Глядят, продирая глаза: пески, пёсии мухи,
тарабарские песни, змеи, пронырливые хорьки
и все — одни старики. Одни старики и старухи
с немолодыми детьми. Старухи да старики.
3
Спрашиваешь: — Когда?
— Где-то в районе лета,
Где-то около мая, где-то в седьмом часу…
И вот нас туда несёт, на стыках дрожа, карета,
и конь коренной летит и стелется на весу.
Так странствуем мы — то в Рим эпохи упадка, пены,
то в Ерусалим страстной, спускающийся с горы.
И преображается время в пространство, возводит стены
и вновь собирает камни, раскидывает шатры.
Тут что-то царица Савская высматривает на небе,
загадывает, зрачок вперяет — хоть плачь, хоть вынь:
— Когда же увижу вновь возлюбленного моего?
Но жребий
«Где-нибудь после смерти» — гласит ей.
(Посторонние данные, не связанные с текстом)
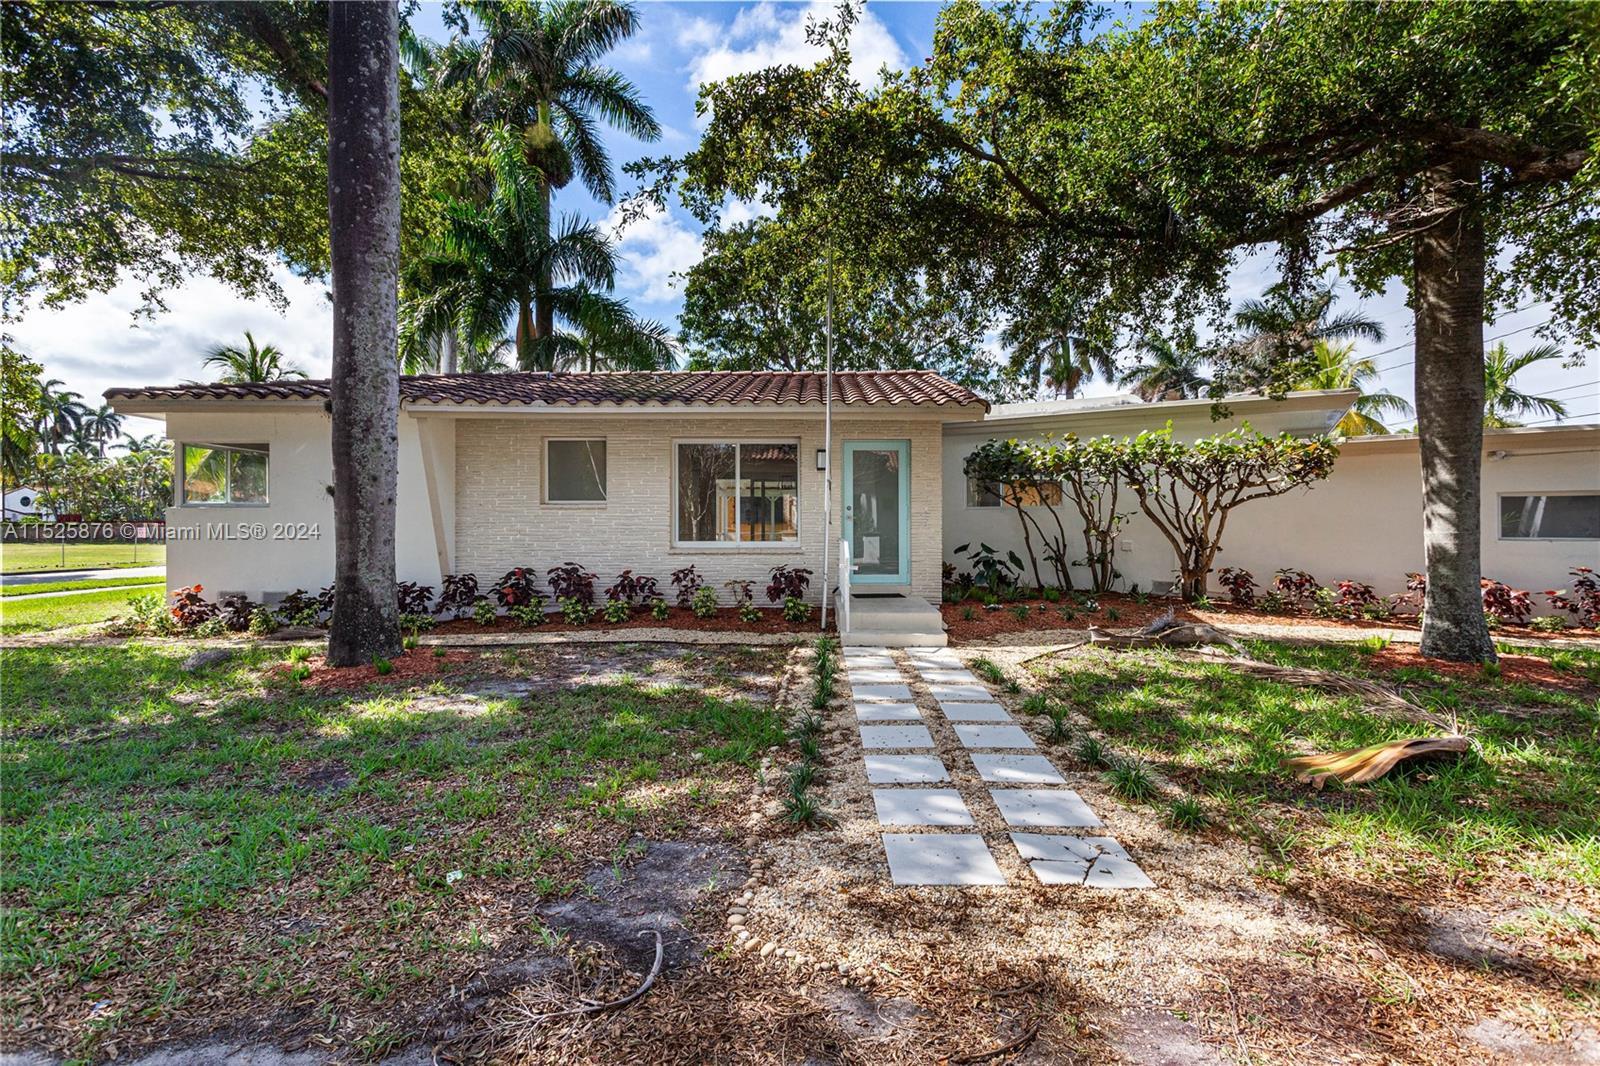 Photo of 300 N 13th Ave in Hollywood, FL

Аминь. Аминь.
Друг-брат-учитель-совопросник-конфидент
Часто тональности нашего общения с Битовым менялись, переключались регистры, то господствовали аккорды и созвучия, то диссонансы. И все это перемежалось паузами — то небольшими, то очень длительными. Но всегда существовали сквозные темы: Бог, творение, вера, суеверия, судьба, знаки судьбы, Промысл. Хотя подчас это все было вписано в самые легкомысленные и полушутливые разговоры: иногда мне казалось, что я могла бы так болтать с подружкой, особенно когда он меня просил растолковать сны, в которые верил.
Незадолго до смерти он позвонил мне из Питера и спрашивал, что может значить вот такая история. Он вышел по осени из своего дачного сортира, увидел серое тоскливое небо и произнес:
— Ну, сколько можно это терпеть?
И тут же услышал голос:
— Уже скоро, сержант!
Что за голос в безлюдье? И что за сержант?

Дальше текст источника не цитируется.